High-throughput genome sequencing is now one of the major methods in cereal allergy research to determine potential allergen epitopes. Although a number of epitopes may be false positives due to the complexity of human responses to food intake, the study presented here has several relevant outcomes. Our results emphasize the importance of considering the allergen characteristics of non-prolamin seed proteins for identifying new allergen protein families. The detected number of non-prolamin type allergen proteins is expected to increase when extensive seed proteomic studies, high-throughput bioinformatics and computational tools are involved simultaneously.
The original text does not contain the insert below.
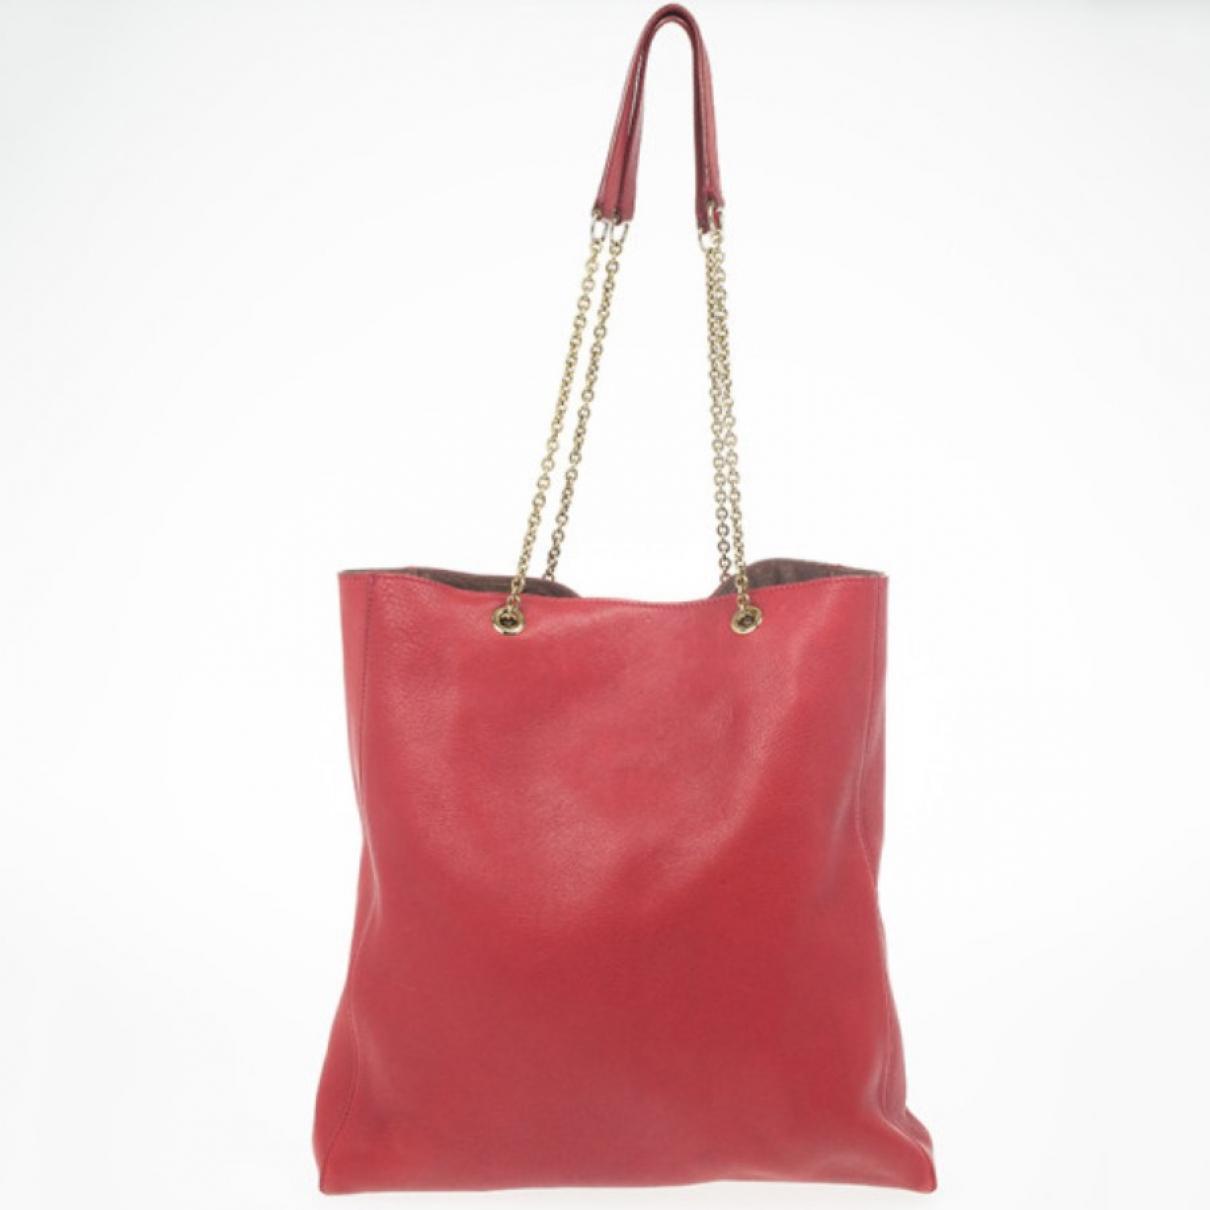 Celine N Red Leather handbag for Women N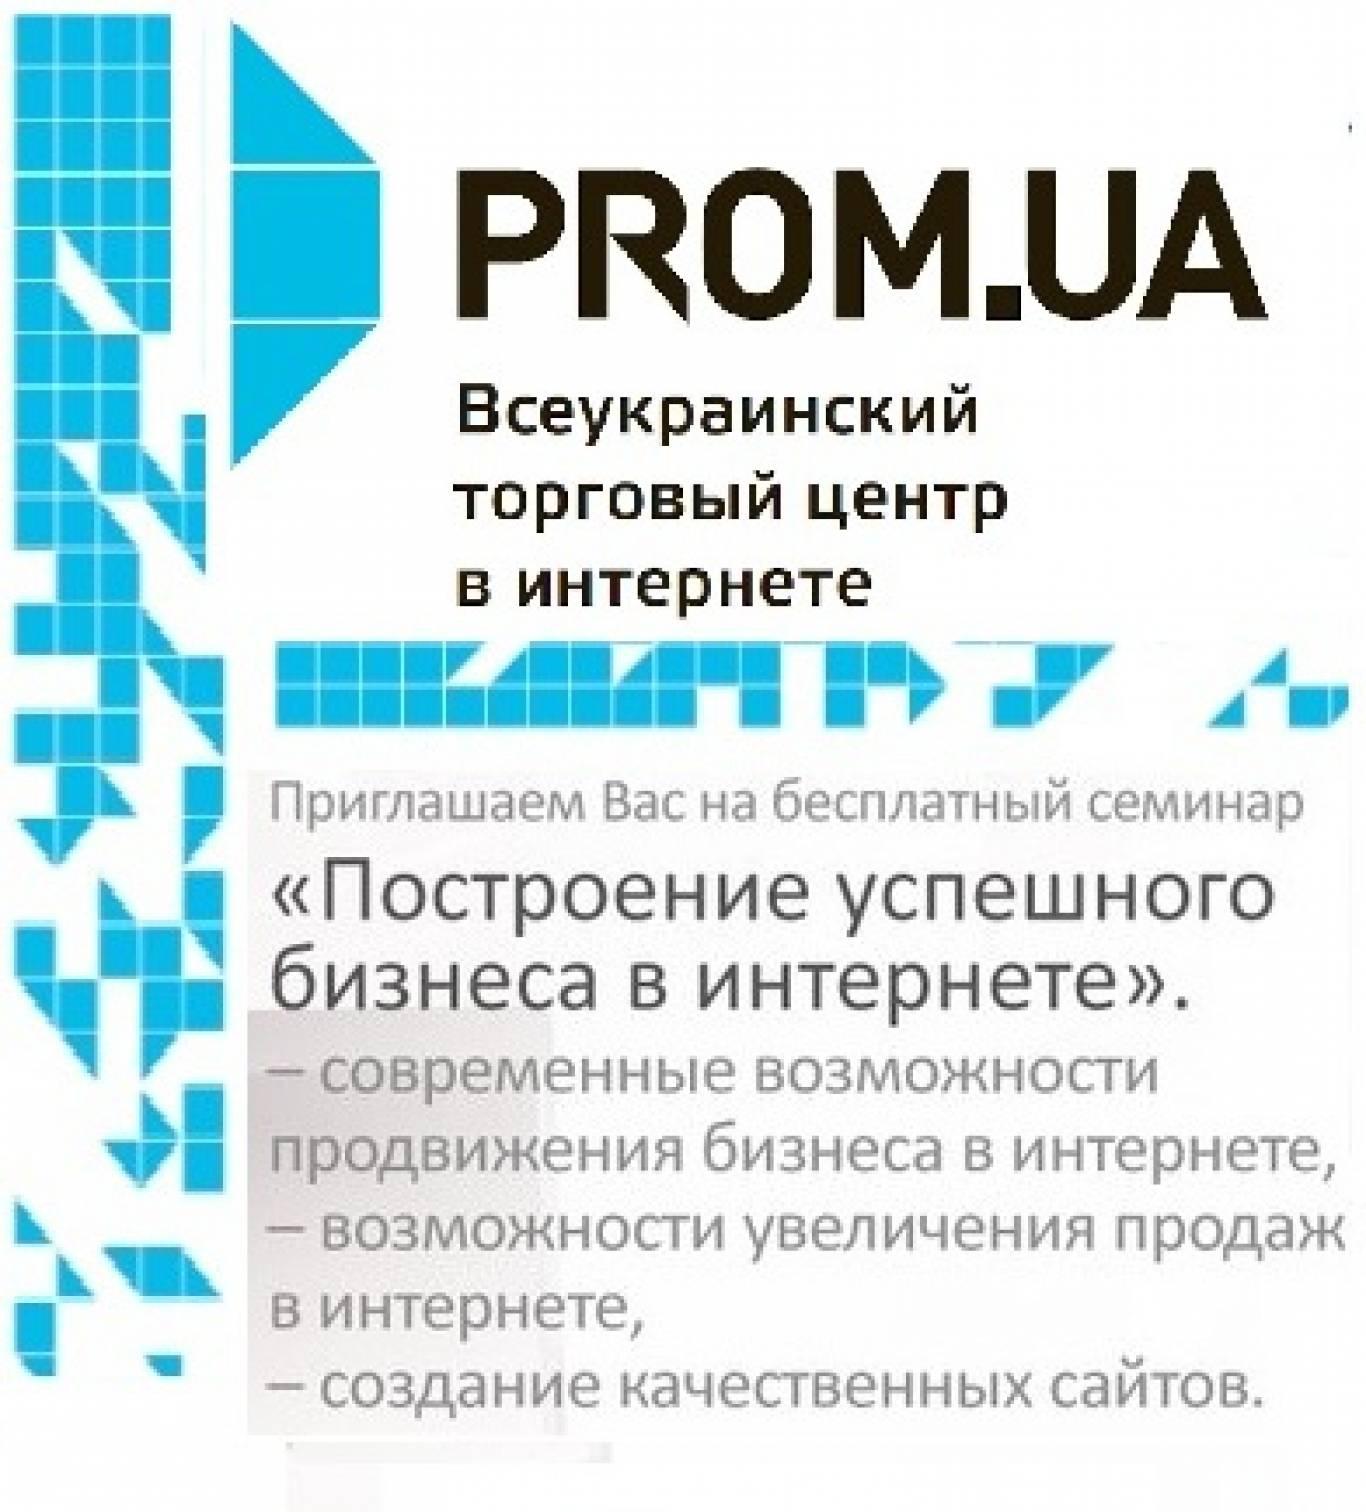 Семінар від  Prom.ua «Побудова успішного бізнесу в інтернеті»

The pleiotropic effects of utilizing technologies such as RNAi for tissue-specific allergenic-gene knockouts could lead to the compensation and over-expression of other proteins that may be high in glutamine and proline residues, and result in increased levels of allergic responses. These responses might be caused by protein families which do not normally show harmful effects. The outputs from our study indicate that the use of wild wheat species and primitive wheat lines can be a potential candidate for replacing the traditional ingredients of certain food products providing safety for people suffering from one or more of the health problem caused by wheat.